For the changes to go into
effect, Deploy the identity provider.
Now the Azure AD identity provider acts as an intercept between the EAA gallery app in Azure AD and the application behind EAA.
STEP 4: Assign the Azure identity provider to an application.
- Log in to Control Center (https://control.akamai.com/).
- Go to .
- From the top menu bar, click Applications.
- Locate the application card you want to assign an IdP to.
- For a new application, click Assign Identity Provider.
- For an existing application, click Change Identity Provider.
- Select the Azure IdP (IdP type: Microsoft Azure AD) and assign it to the application. For this example, it is AzureAD identity provider you created in STEP 3.
- To Set up services for an application, click Save and go to Services. If you are finished configuring your application, click Save and exit.
- For the changes to go into effect, deploy the application.
What you should see
This will allow Azure as the user facing authentication mechanism for any application associated with this identity provider.

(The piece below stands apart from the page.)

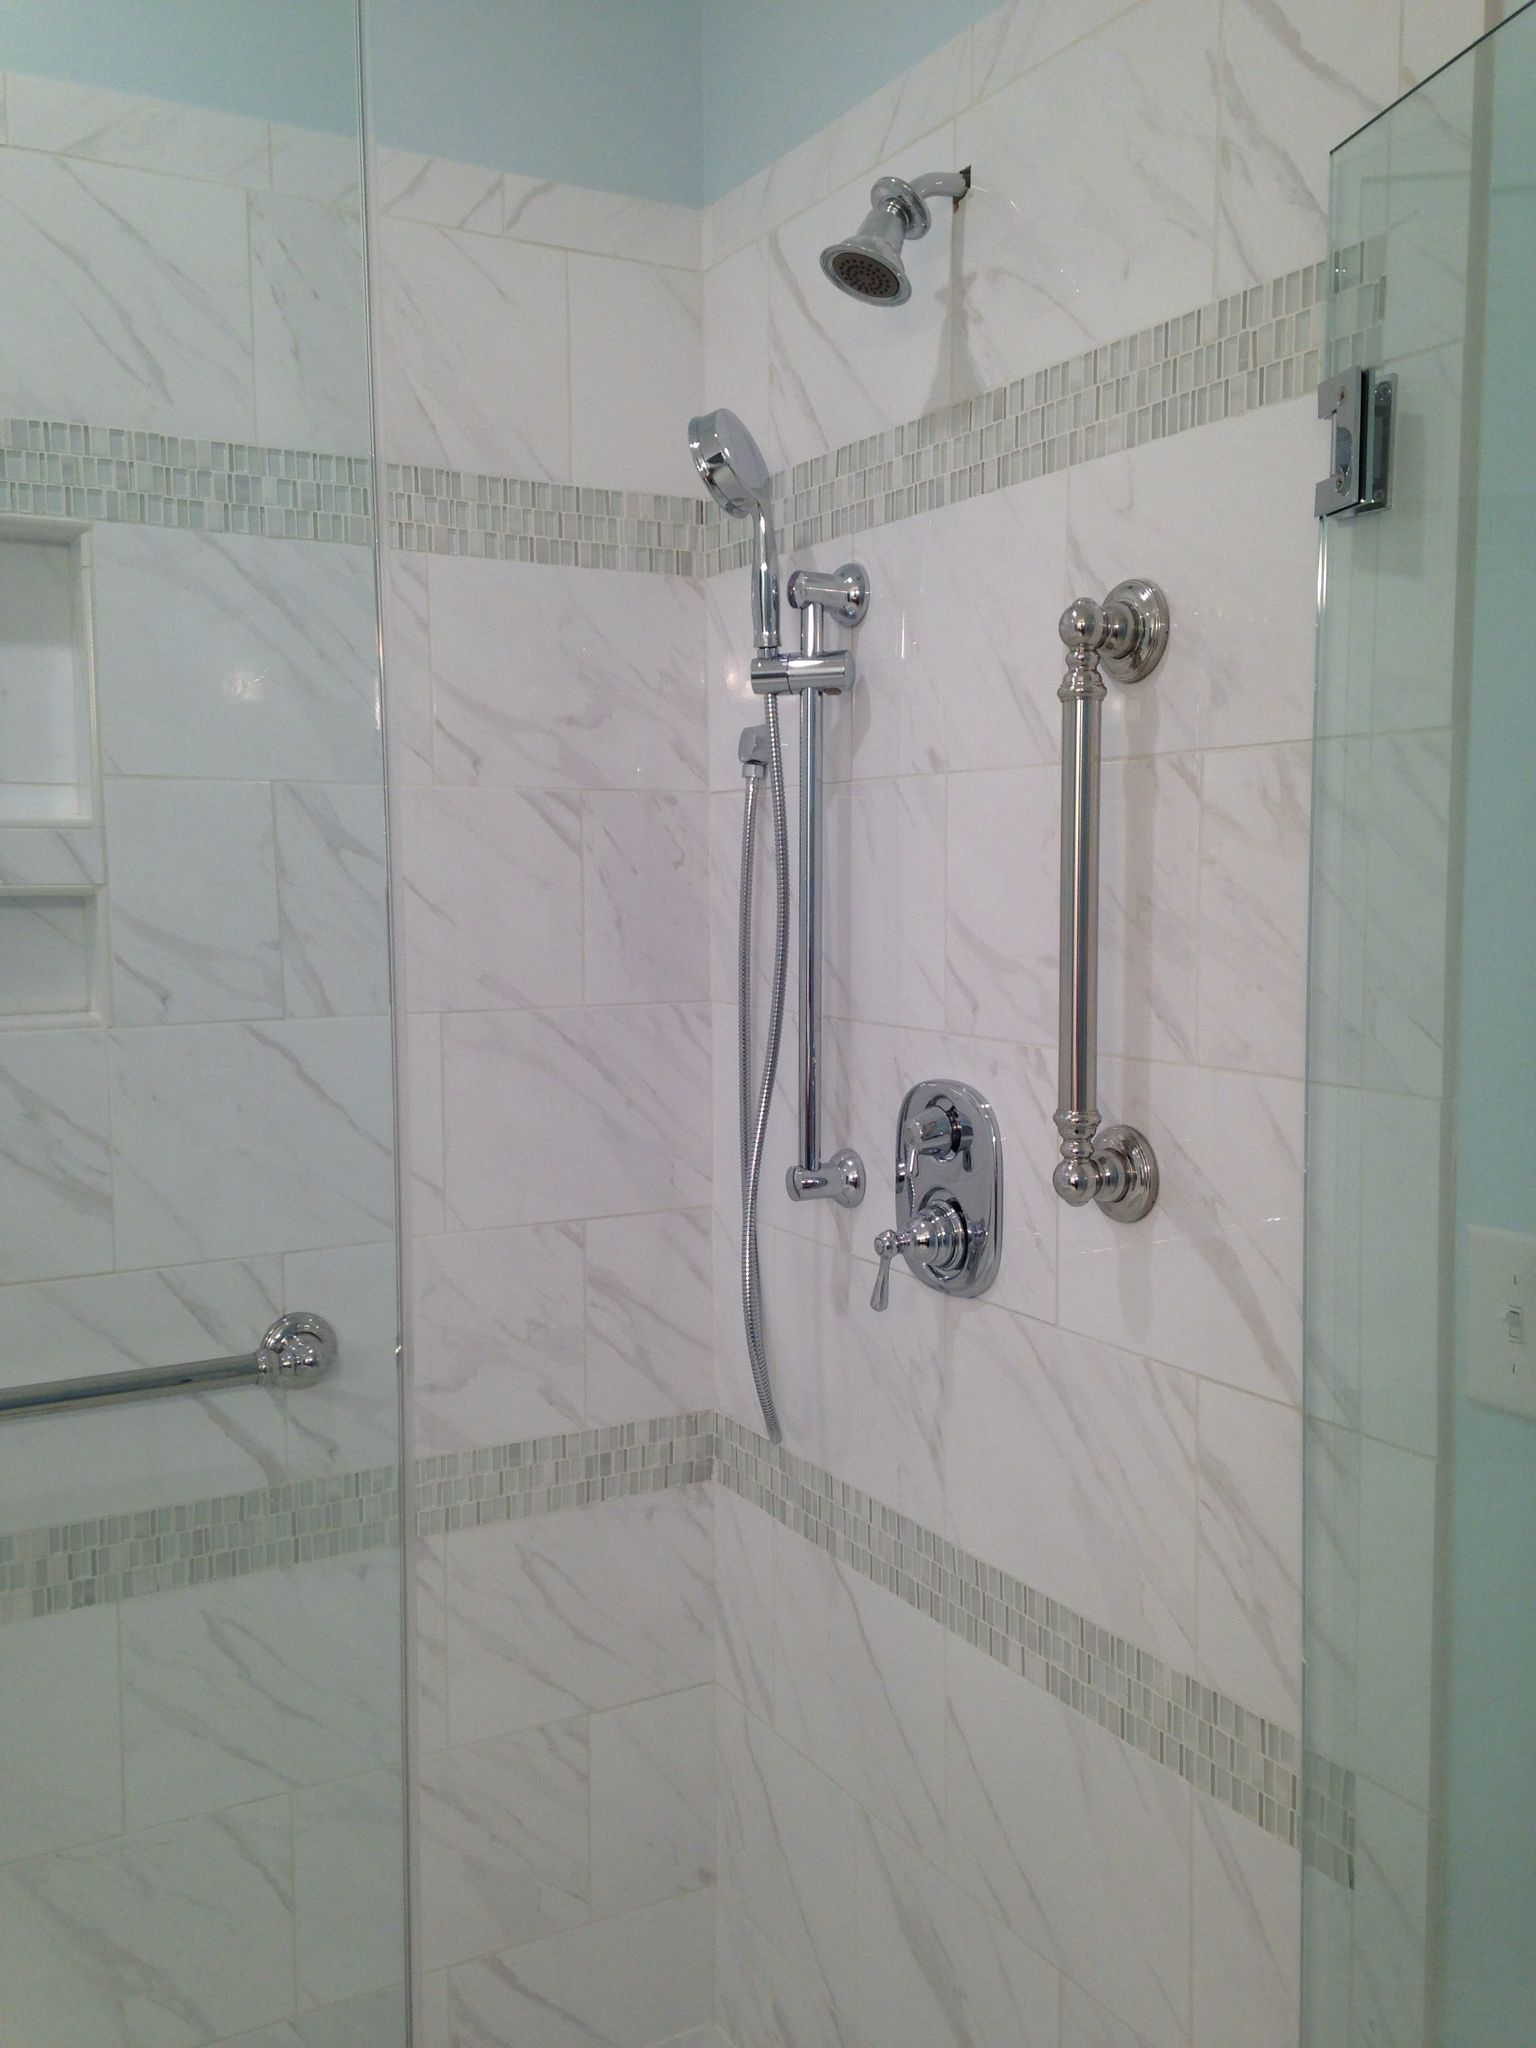 Daltile florentine fl06 carrara 10x14 with glass accent for Daltile bathroom ideas

STEP 5: Verification of Azure AD integration with EAA
Verify the set up by logging into the Office 365 portal or by using the EAA User login portal.
Verification using Office 365 portal.
Log into the Azure Active Directory portal. You are redirected to the Microsoft Office 365 portal.
1. Click All Apps.
2. Click Akamai Enterprise Application Access application.
3. You are redirected to the Akamai User login portal, which will display the apps in EAA:
Verification using EAA login portal
1. Click the EAA login portal URL link in the identity provider card. You are redirected to the Office 365 portal for authentication.
2. After successful login, you are allowed to access the application in EAA.